Secondary study parameter(s)
We will calculate questionnaire scores according to published scoring algorithms. Missing values will be replaced by the average score of the completed items in the same scale for each participant, provided that at least 50% of the items in that scale have been completed. For the CSC-W DV, WAI, WRFQ, iPCQ, VBBA, and SF-36, the same growth curve modeling approach as described in the primary study parameter section will be used to evaluate between-group differences over time.
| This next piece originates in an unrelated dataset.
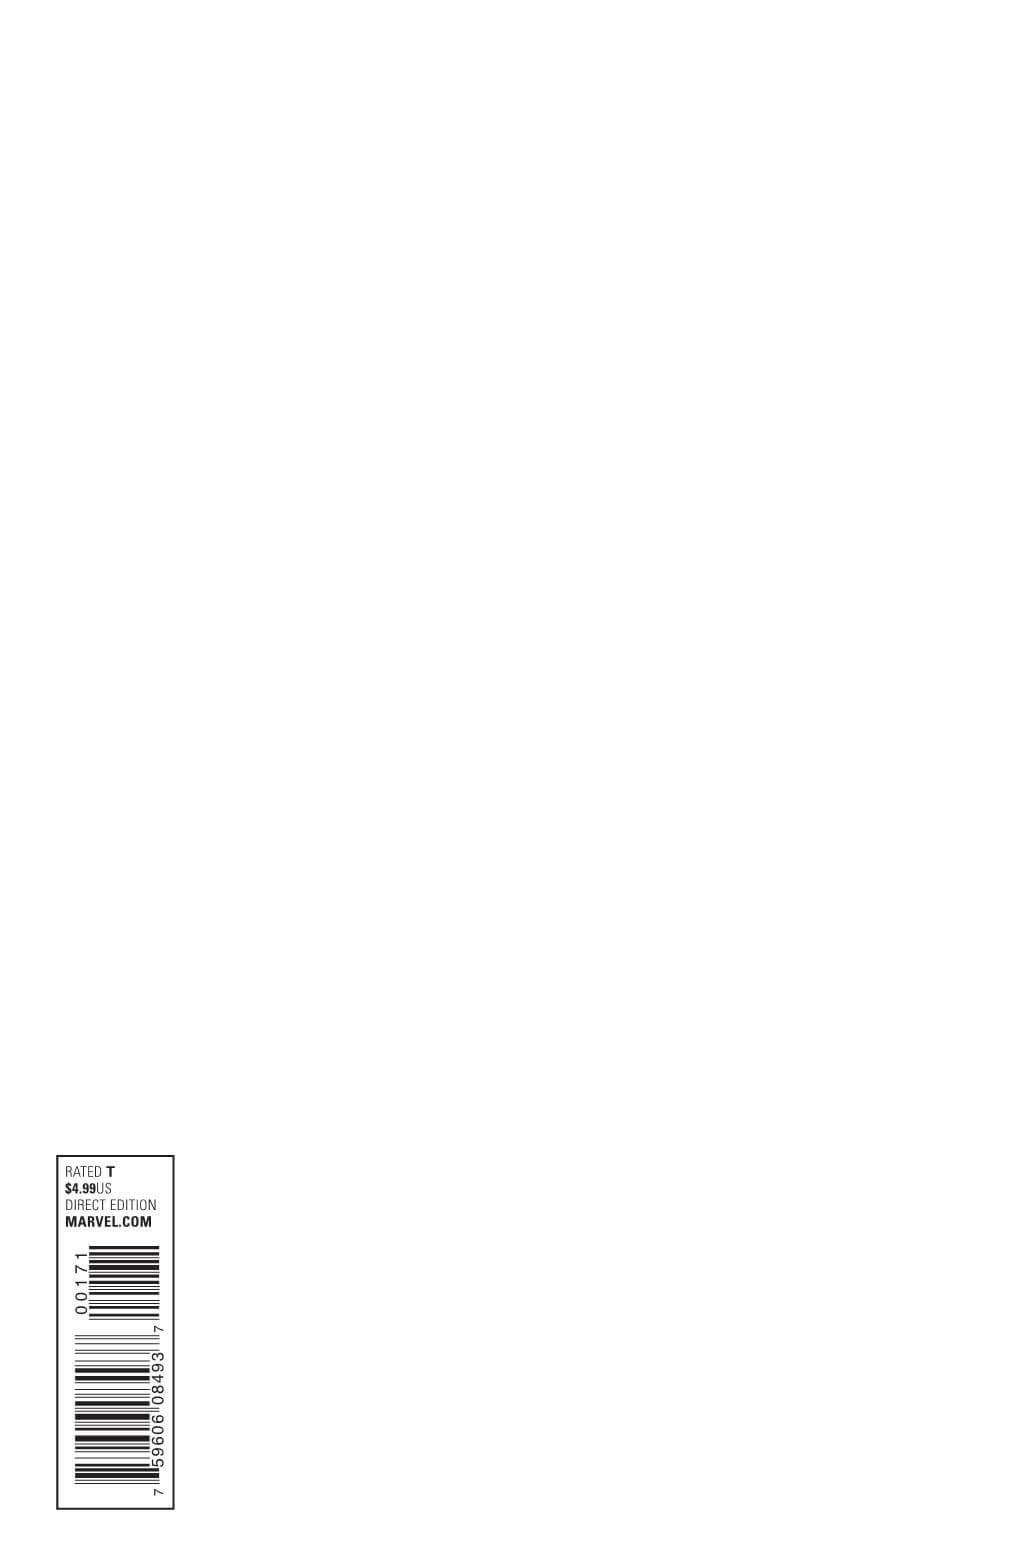 STWTFACOV2016001_DC71_2

In addition, we will test whether intervention effects are moderated by baseline scores on the ACS, WIS, JCQ, and HADS. Finally, we will explore the mediating effect of the (anticipated time-variant) variables fatigue (SF-36) and coping (CERQ) on the secondary outcomes.
Cost-effectiveness
Incremental cost will be calculated and, by using incremental QALYs and GAS scores, expressed as the incremental cost-utility ratio (ICUR) and incremental cost-effectiveness ratio (ICER), respectively. The ICUR and ICER will be measured for both intervention groups. ICUR represents the costs required for the particular intervention to generate one additional QALY in comparison with care as usual (control group). ICER represents incremental costs per relevant achievement of work-related treatment goals (GAS) over a time period of 6 months. Both ratios will be estimated by bootstrap analyses. As an indication of whether an intervention will be considered cost-effective, the ICUR is compared to a range of ceiling ratios varying from €20k per QALY to €80k per QALY in the Netherlands, with €30k per QALY commonly accepted as the prevailing ceiling ratio. In addition, cost-effectiveness acceptability curves will be used to inform decision-makers on the probability that the cognitive rehabilitation program is cost effective.